# Getting Sketch Partitions for Rating Study

## Fetch the sketch paths from that folder

In [70]:
import os
import json
import pandas as pd
import numpy as np
from IPython.display import clear_output


In [71]:
proj_dir = os.path.abspath('../..')
exp_name = 'classify_iternum'
exp_dir = os.path.join(proj_dir,exp_name)
sketch_dir = os.path.abspath(os.path.join(proj_dir,'sketches'))

full_stim_paths = os.listdir(sketch_dir) # list out all the sketches in that directory
sketches = [i for i in full_stim_paths if i.split('/')[-1] != '.DS_Store']

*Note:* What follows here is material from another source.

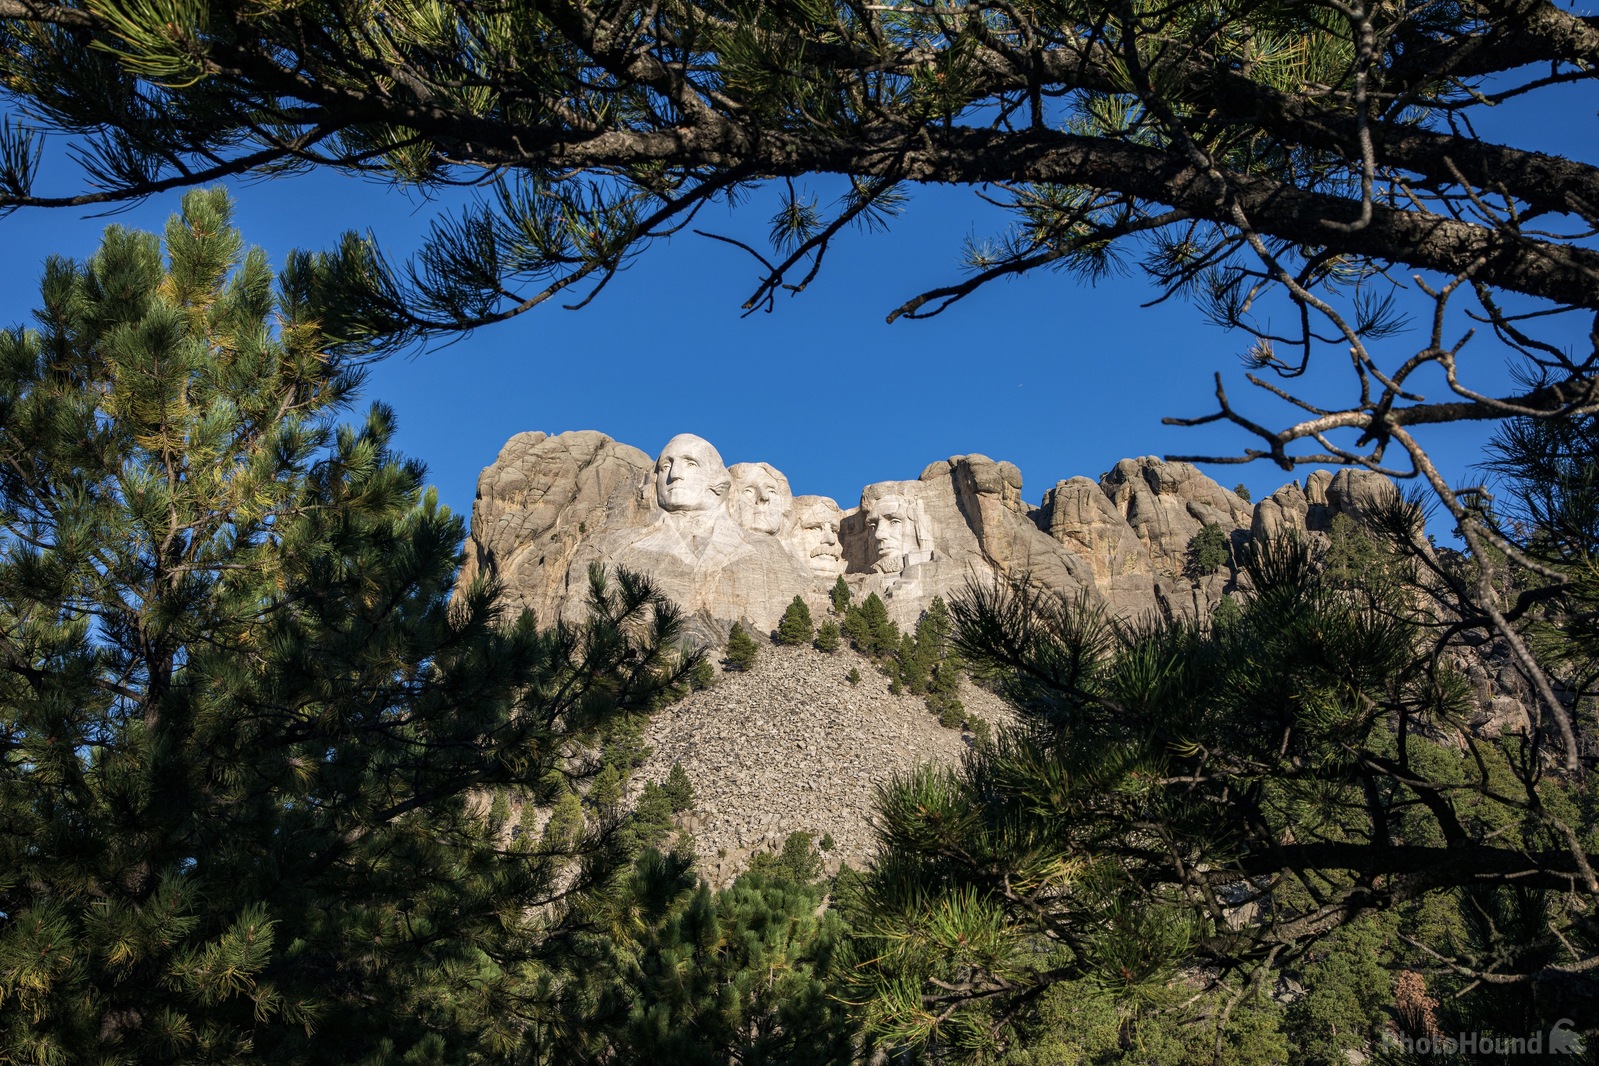 Image of Mount Rushmore National Memorial by Gary Leverett

stimListDir = os.path.abspath('../../experiments/classify_iternum/stimList')

if not os.path.exists(stimListDir):
    os.makedirs(stimListDir)

## Assemble a dataframe from all the sketches

In [72]:
sketch_info = pd.DataFrame(columns = ["orig_gameid","orig_animal","orig_cardinality","orig_trial","orig_cond","orig_version","sketch_url"]) # initialize dataframe

for i in range(len(sketches)): # for every sketch
    name = sketches[i].split('_') # split up its metadata
                                                        #    gameID         animal            cardinality             trialnum       condition      stim_version
    stimurl = "https://iternum-sketches.s3.amazonaws.com/" + name[0] + '_' + name[1] + '_' + str(int(name[2])) + '_' + name[3] + '_' + name[4] + '_' + name[5]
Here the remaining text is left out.